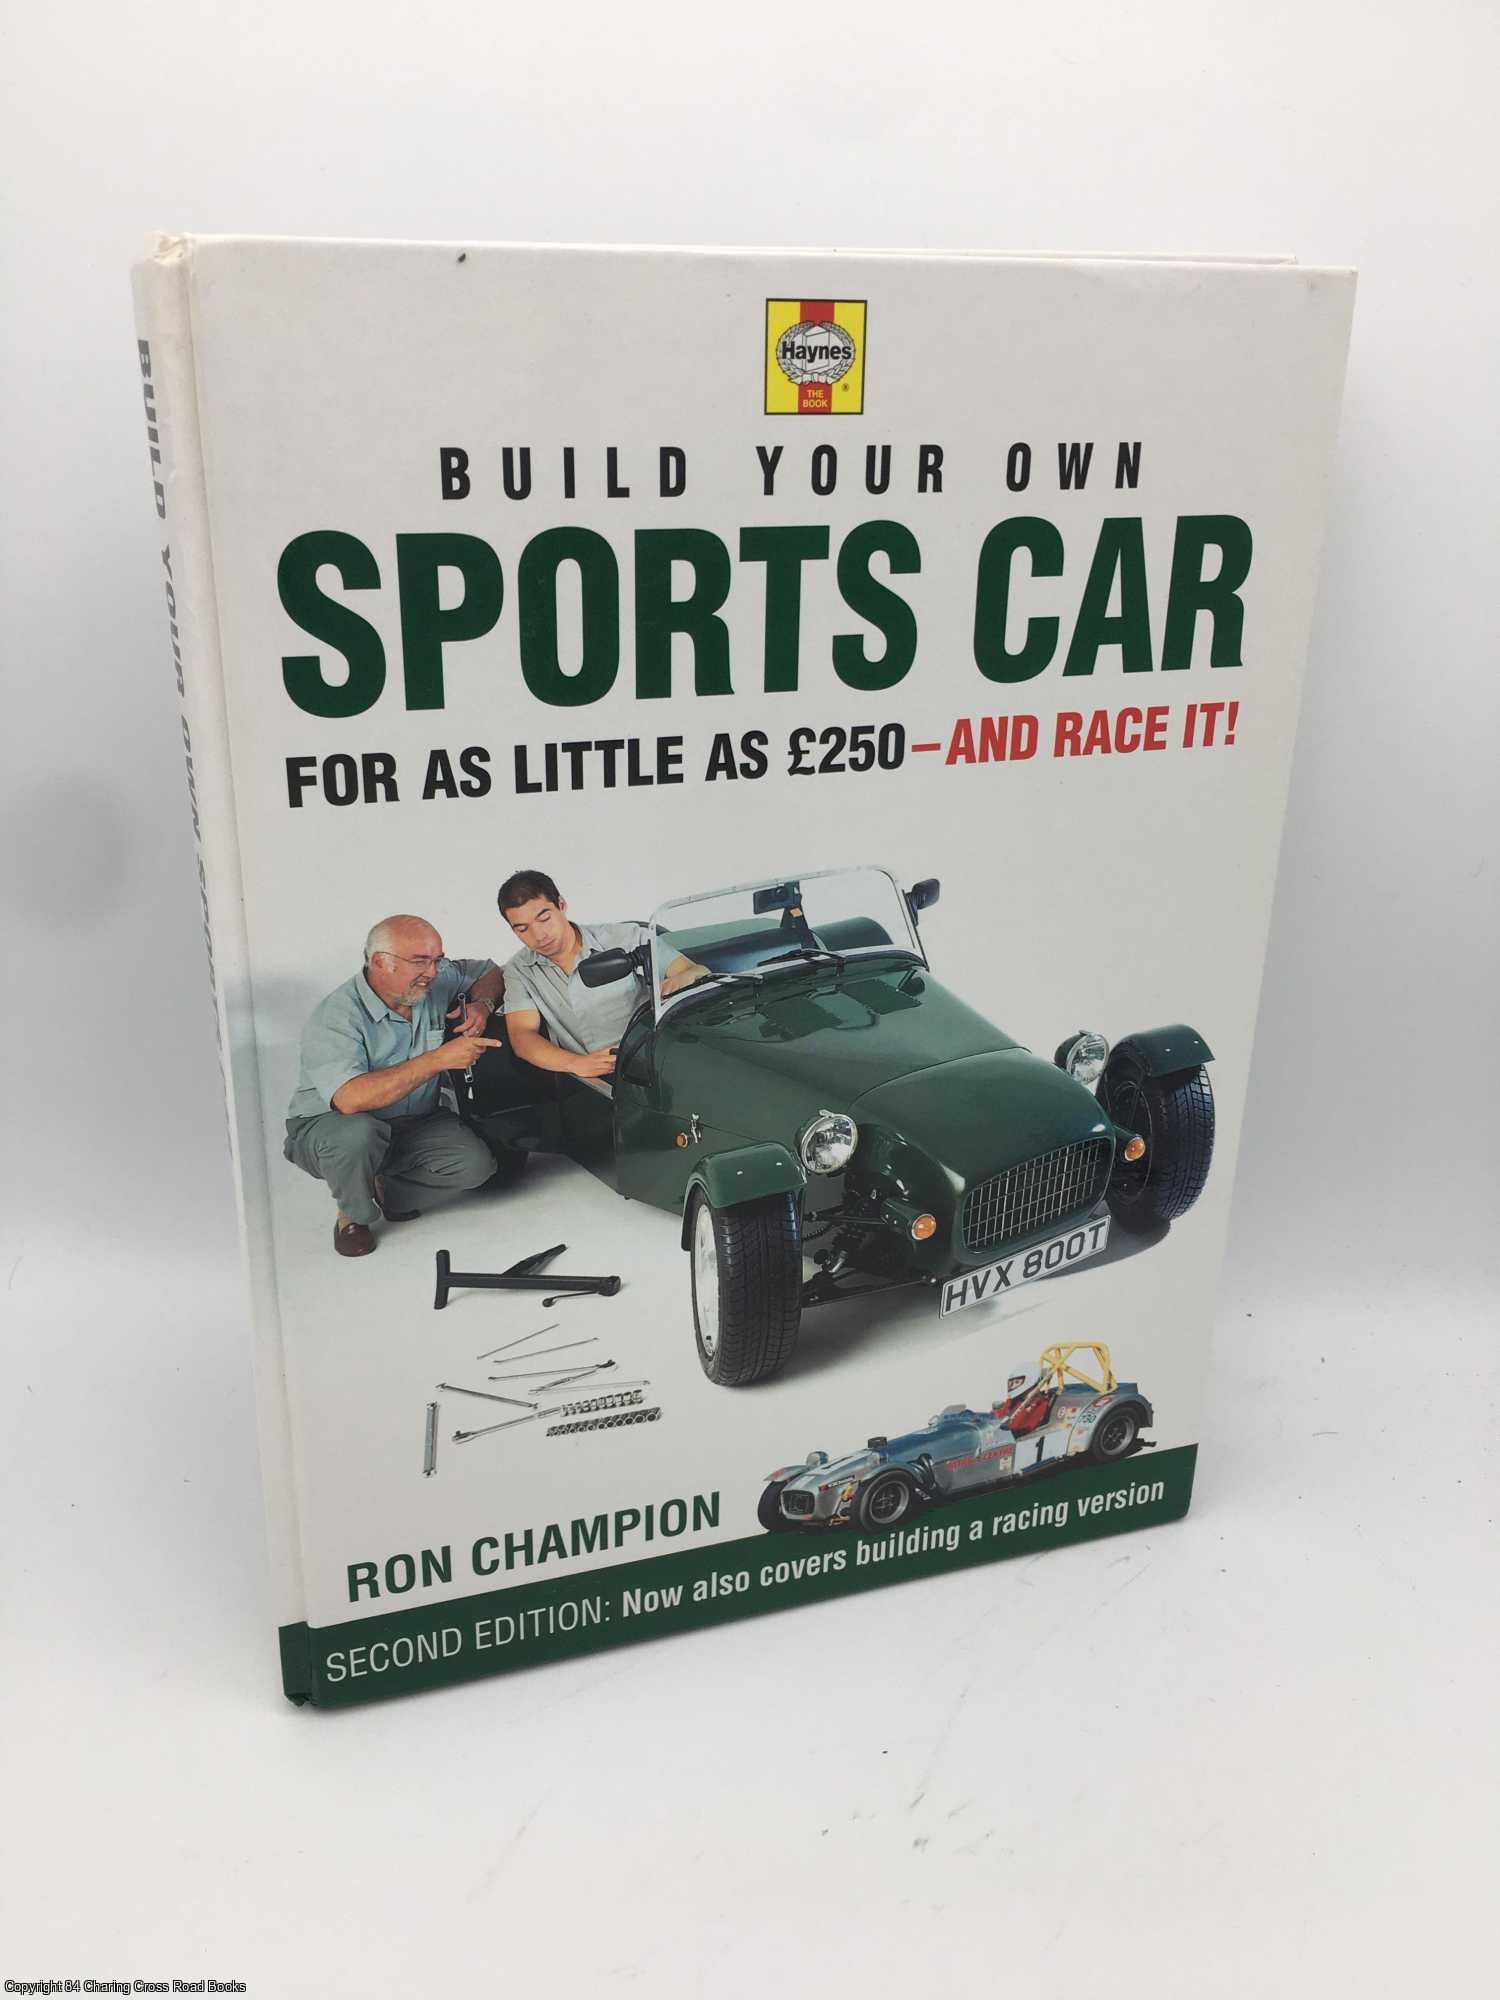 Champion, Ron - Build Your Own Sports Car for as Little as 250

***

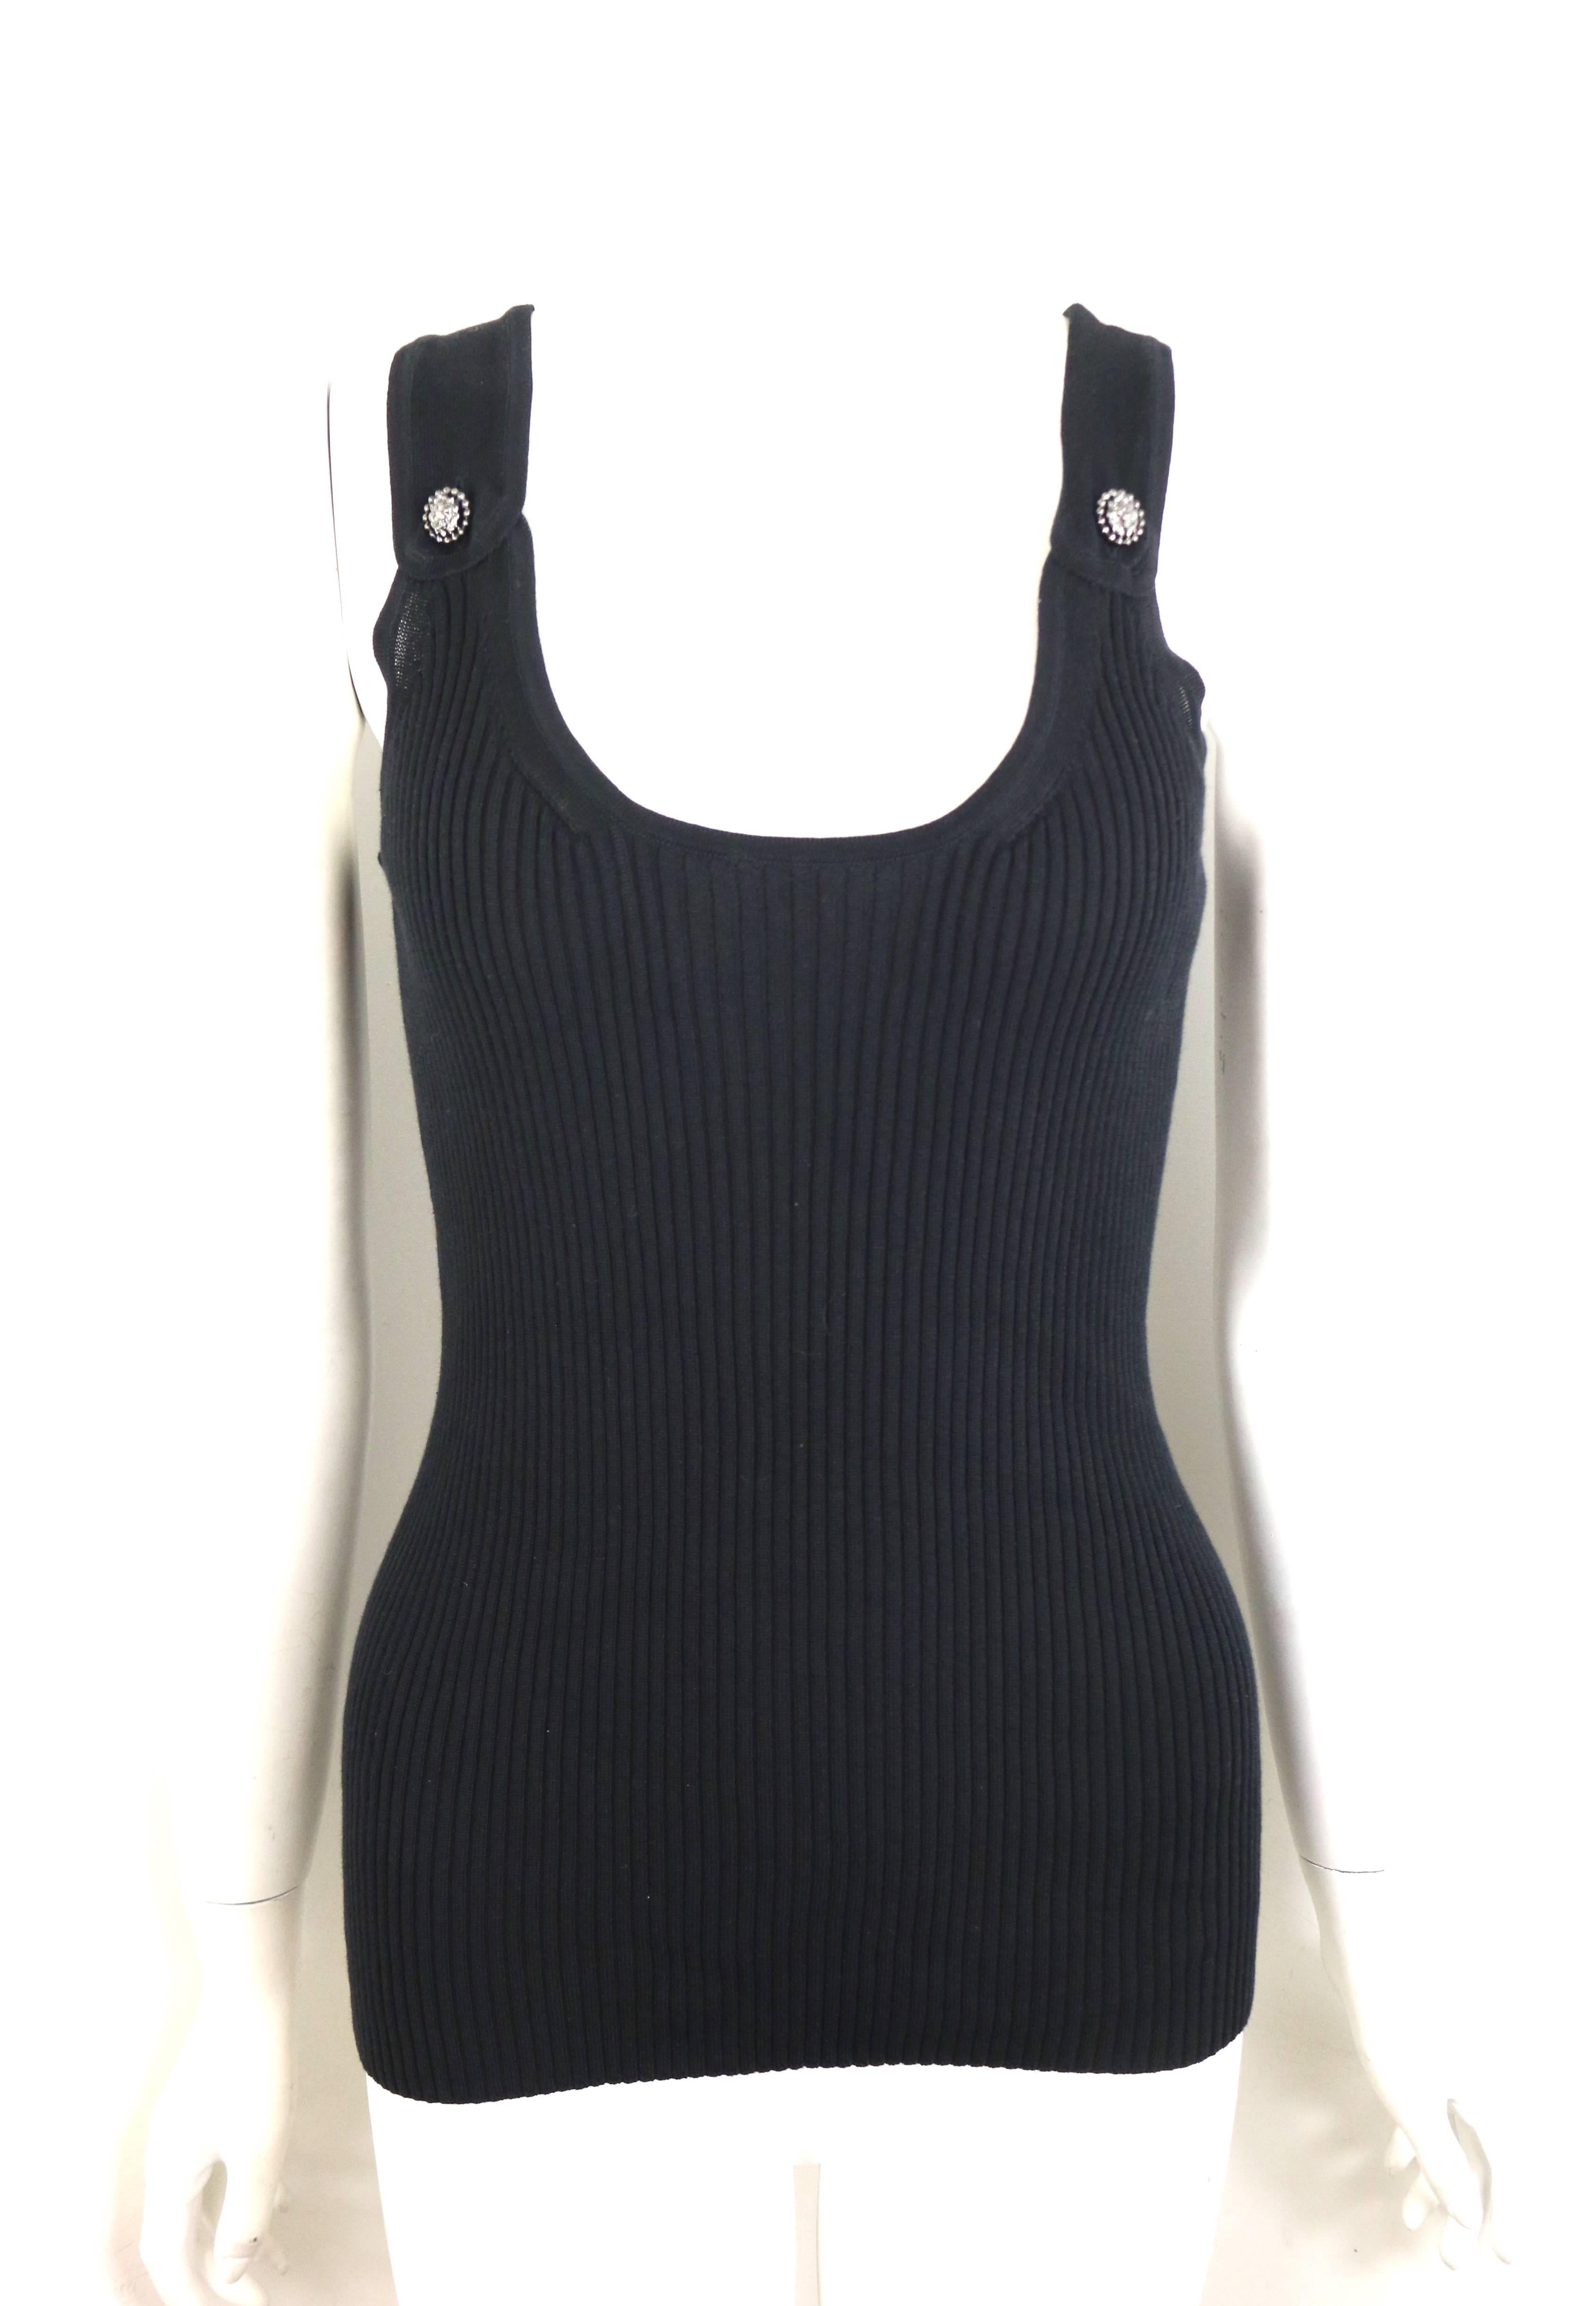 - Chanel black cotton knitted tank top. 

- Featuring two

***

In the listing above, find the line containing "- Chanel black cotton knitted tank top." and the line containing "- Featuring two", then output those two lines and everything between them exactly as written, without the images.

ANSWER TO THE PROBLEM:
 - Chanel black cotton knitted tank top. 

- Featuring two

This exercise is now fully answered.